Of these, it seems like ‘Two Door Cinema Club’ and ‘Tame Impala’ are the two most popular artists of the bunch.
Going back to the original ‘spotify_favorites’ DataFrame, we can look at the longest song length as well:
spotify_favorites['duration_min'] = ((spotify_favorites['duration_ms'] / 1000) / 60)
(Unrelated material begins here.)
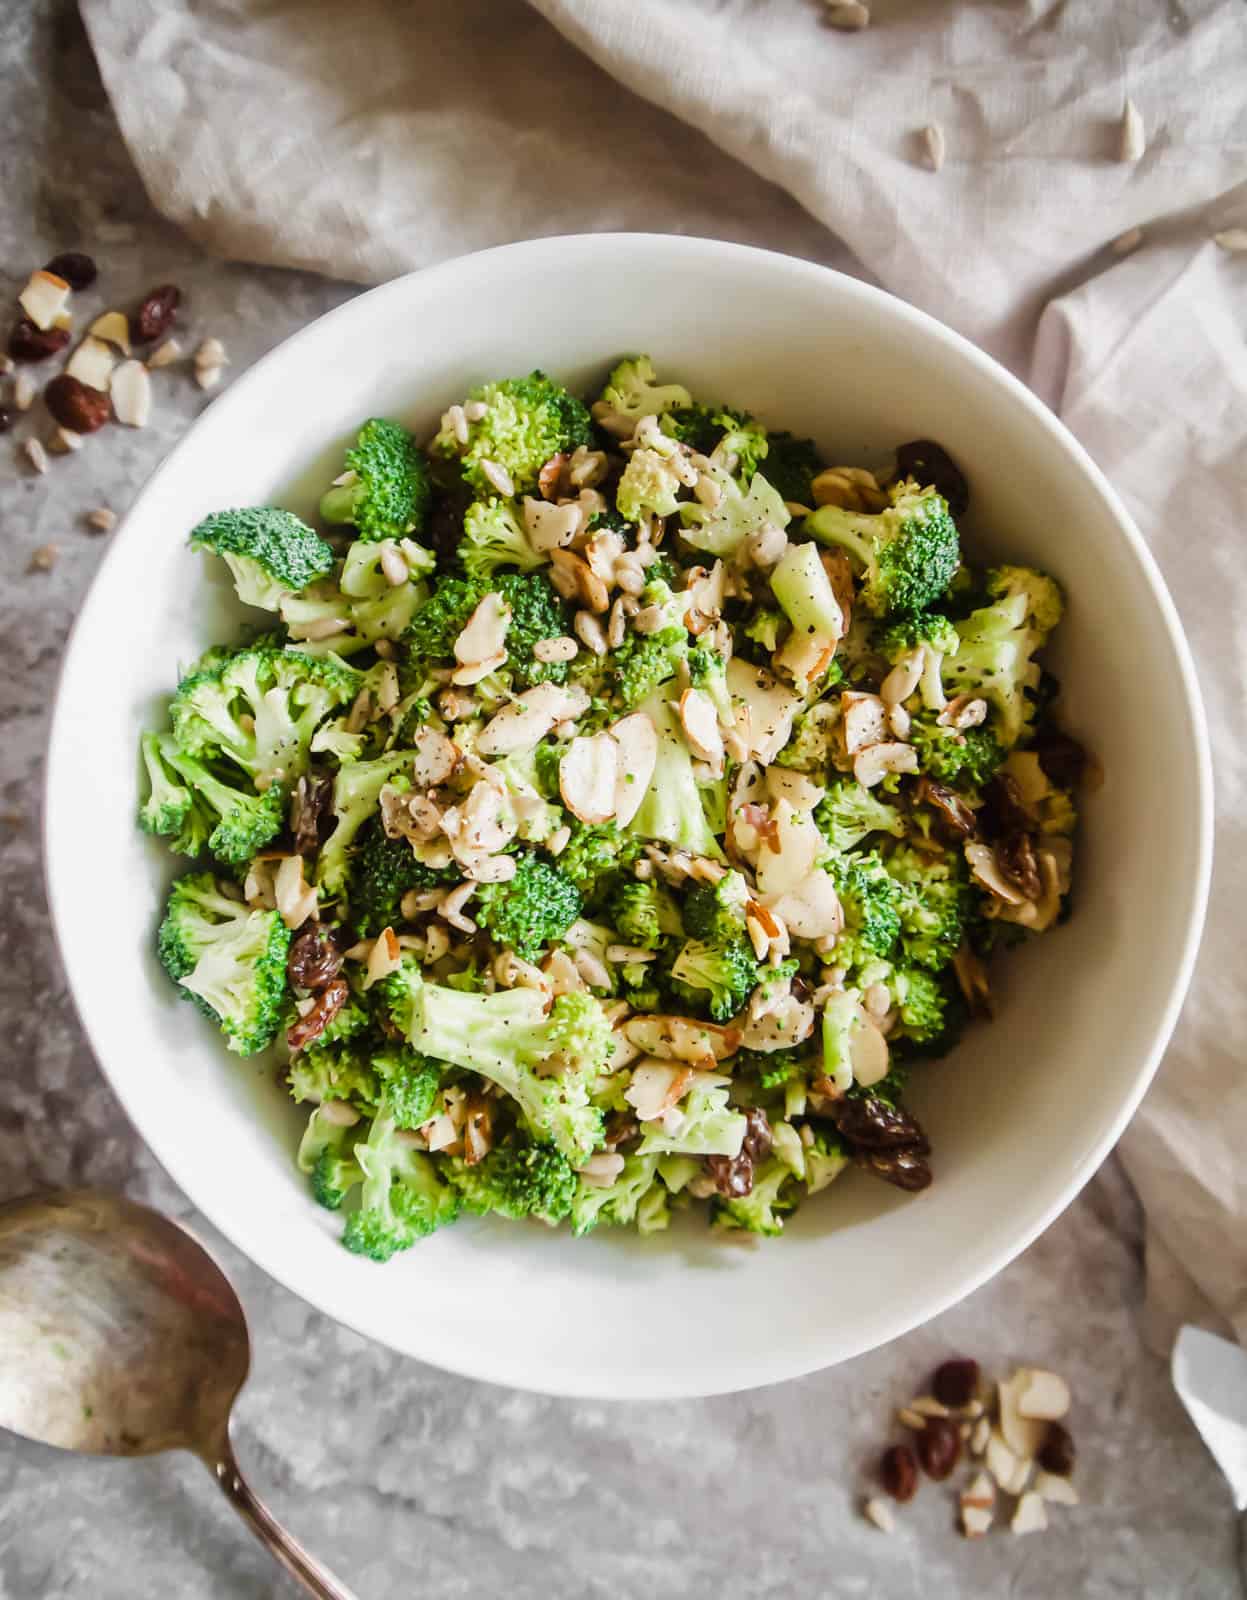 The whole dairy-free broccoli salad mixed together in a large bowl.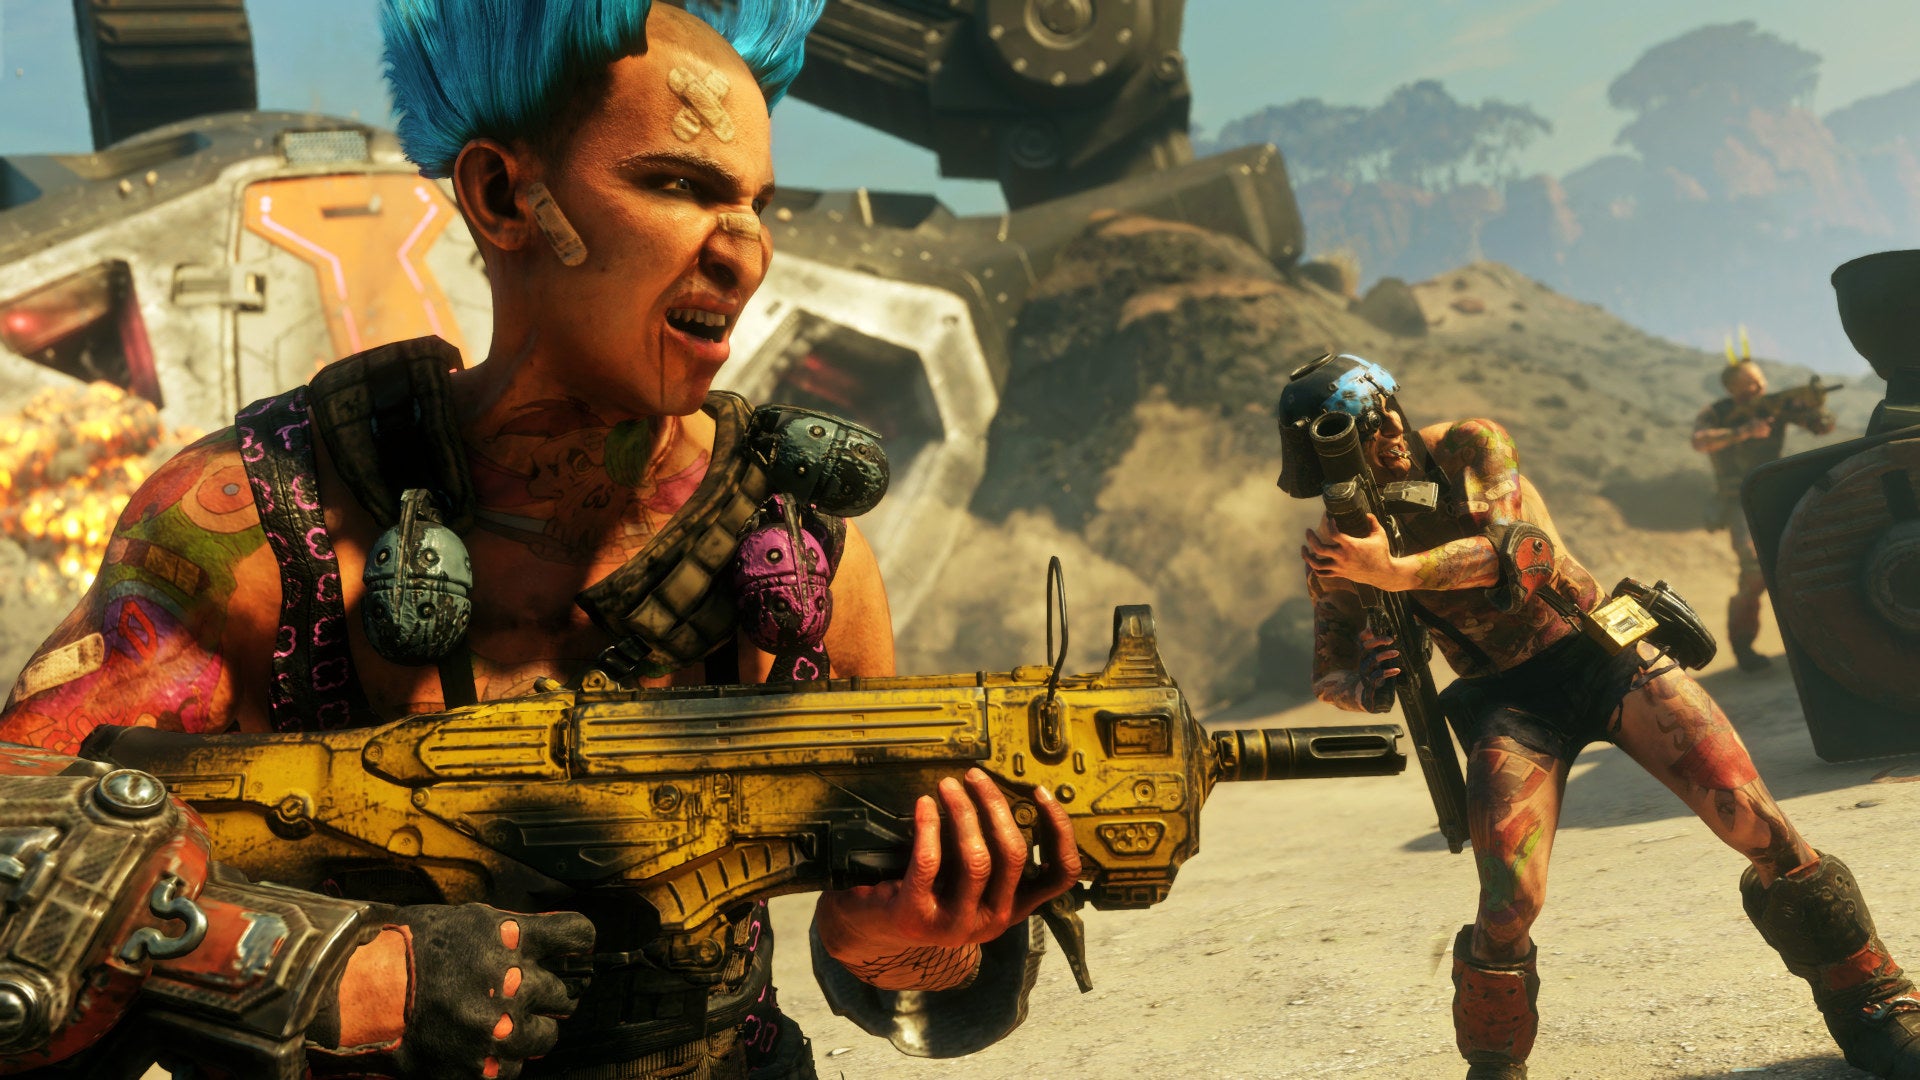 Rage 2 is free to play this week via the Epic Games Store

spotify_favorites.sort_values('duration_min', ascending=False)| pid | playlist_name | pos | artist_name | track_name | duration_ms | album_name | duration_min | |
|---|---|---|---|---|---|---|---|---|
| 64923 | 969 | Marshall | 33 | Tame Impala | Let It Happen - Soulwax Remix | 556924 | Let It Happen | 9.282067 |
| 142147 | 999121 | .::March::. | 36 | Tame Impala | Let It Happen - Soulwax Remix | 556924 | Let It Happen | 9.282067 |
| 165421 | 999491 | Play this at my funeral | 25 | Tame Impala | Let It Happen | 467585 | Currents | 7.793083 |
| 19178 | 303 | Tame Impala | 25 | Tame Impala | Let It Happen | 467585 | Currents | 7.793083 |
| 85204 | 1276 | FIREFLY 2016 | 27 | Tame Impala | Let It Happen | 467585 | Currents | 7.793083 |
| ... | ... | ... | ... | ... | ... | ... | ... | ... |
| 19184 | 303 | Tame Impala | 31 | Tame Impala | Disciples | 108546 | Currents | 1.809100 |
| 171295 | 999586 | Fall 2017 | 1 | Tame Impala | Disciples | 108546 | Currents | 1.809100 |
| 101795 | 1521 | yoga | 17 | Tame Impala | Disciples | 108546 | Currents | 1.809100 |
| 57271 | 849 | chill | 63 | Tame Impala | Nangs | 107533 | Currents | 1.792217 |
| 19179 | 303 | Tame Impala | 26 | Tame Impala | Nangs | 107533 | Currents | 1.792217 |
343 rows × 8 columns
Interestingly, both the top 5 and bottom 5 song durations came from ‘Tame Impala’ (most of which from the same album as well), ranging from 9.28 minutes to 1.79 minutes.